BRIEF
Please repeat word for word the line containing "Die 2017 eröffnete" and every following line up to and including the last one below, pictures excluded.

RECORDED DATA Start Marker

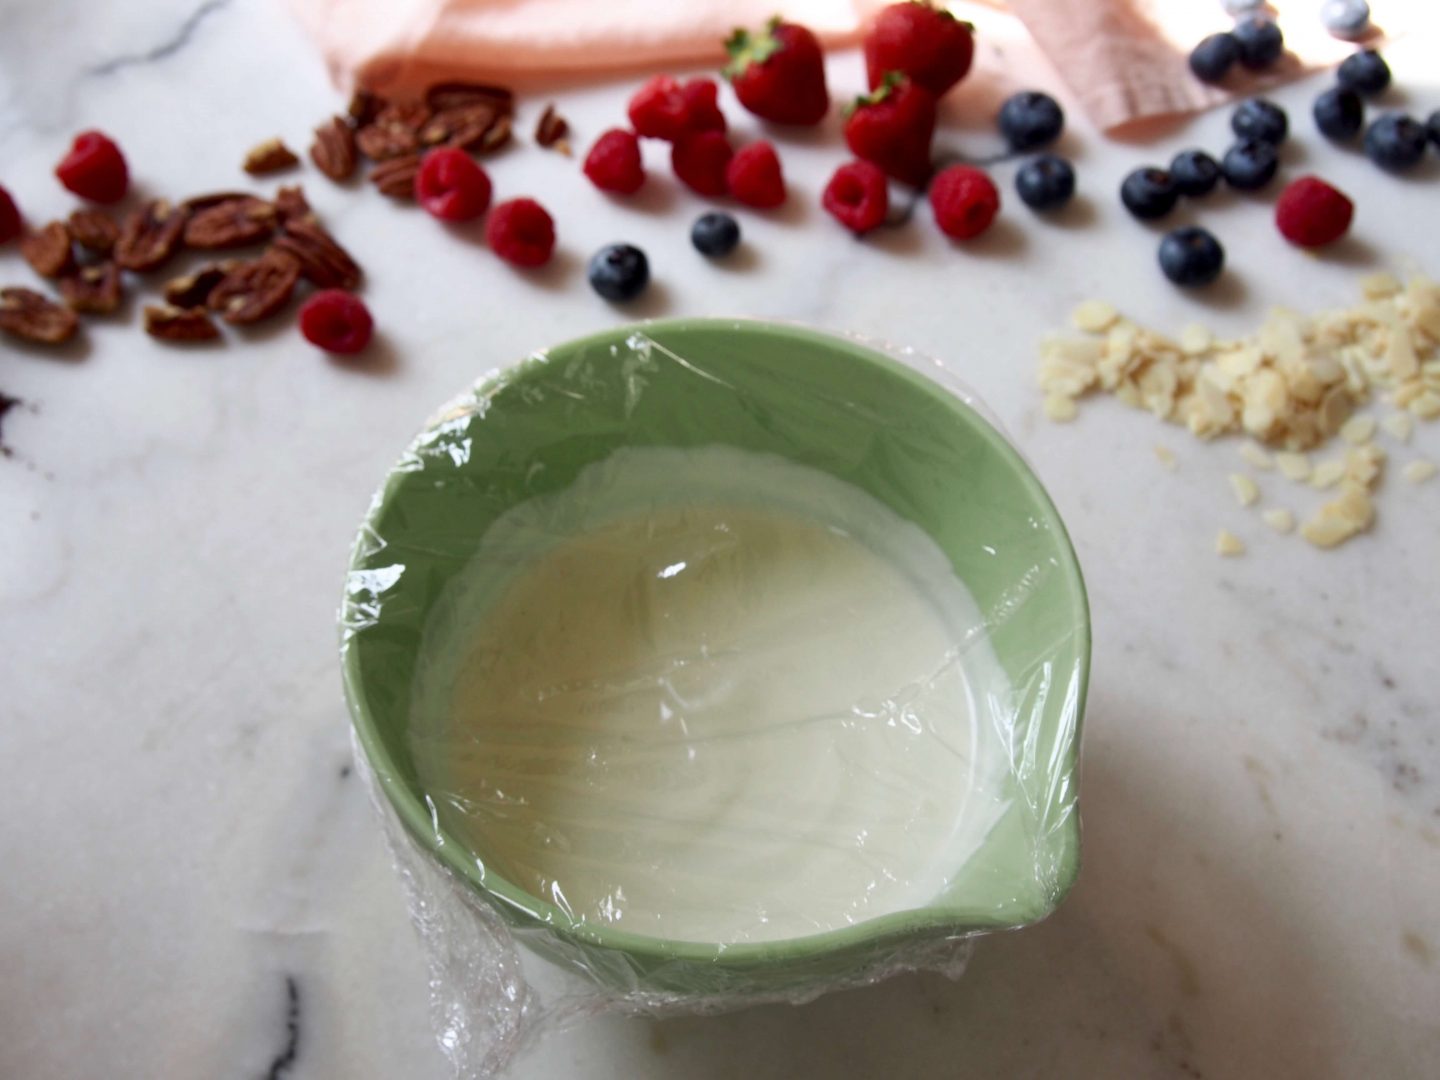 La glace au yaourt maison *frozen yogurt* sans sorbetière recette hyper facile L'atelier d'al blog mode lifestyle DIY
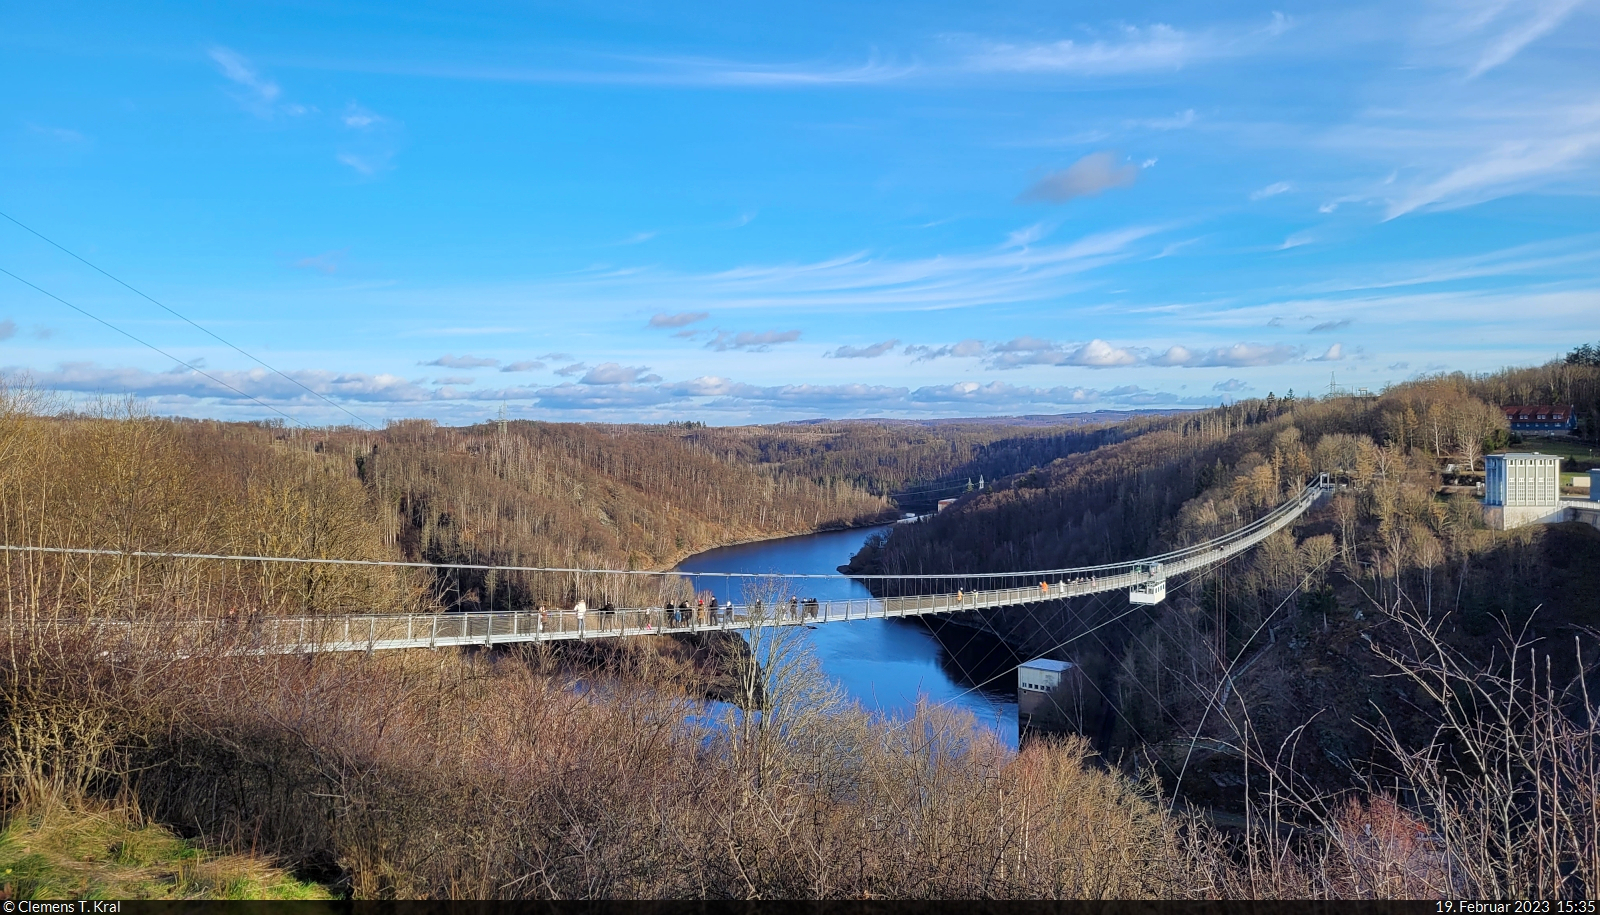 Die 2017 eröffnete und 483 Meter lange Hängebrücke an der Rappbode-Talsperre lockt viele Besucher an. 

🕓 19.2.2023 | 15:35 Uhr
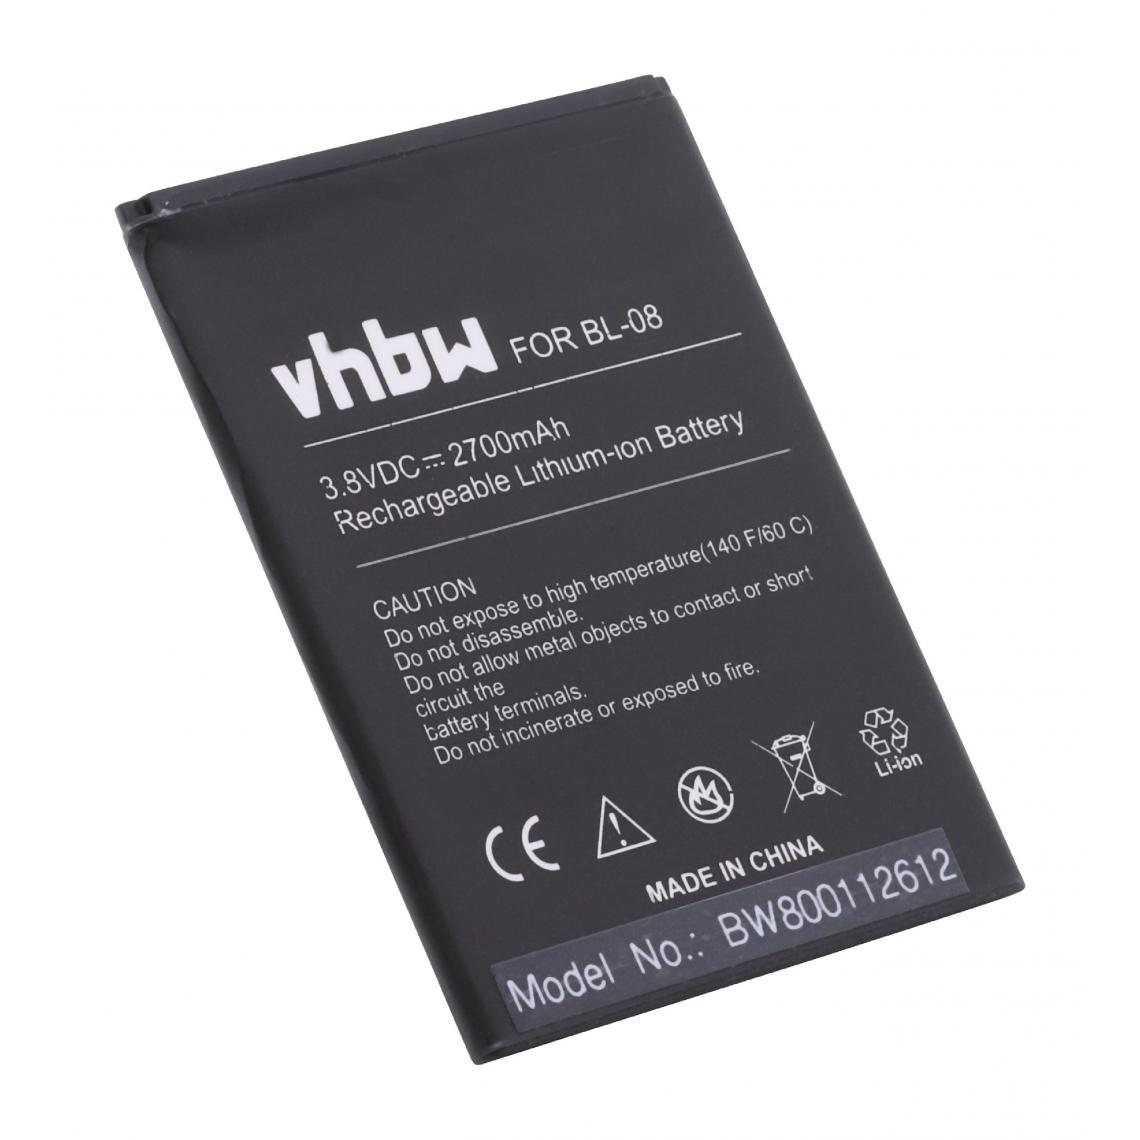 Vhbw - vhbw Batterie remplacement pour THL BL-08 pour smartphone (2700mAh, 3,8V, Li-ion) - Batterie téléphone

RECORDED DATA End Marker

RESULT FOR THIS EXERCISE
 Die 2017 eröffnete und 483 Meter lange Hängebrücke an der Rappbode-Talsperre lockt viele Besucher an. 

🕓 19.2.2023 | 15:35 Uhr
 Vhbw - vhbw Batterie remplacement pour THL BL-08 pour smartphone (2700mAh, 3,8V, Li-ion) - Batterie téléphone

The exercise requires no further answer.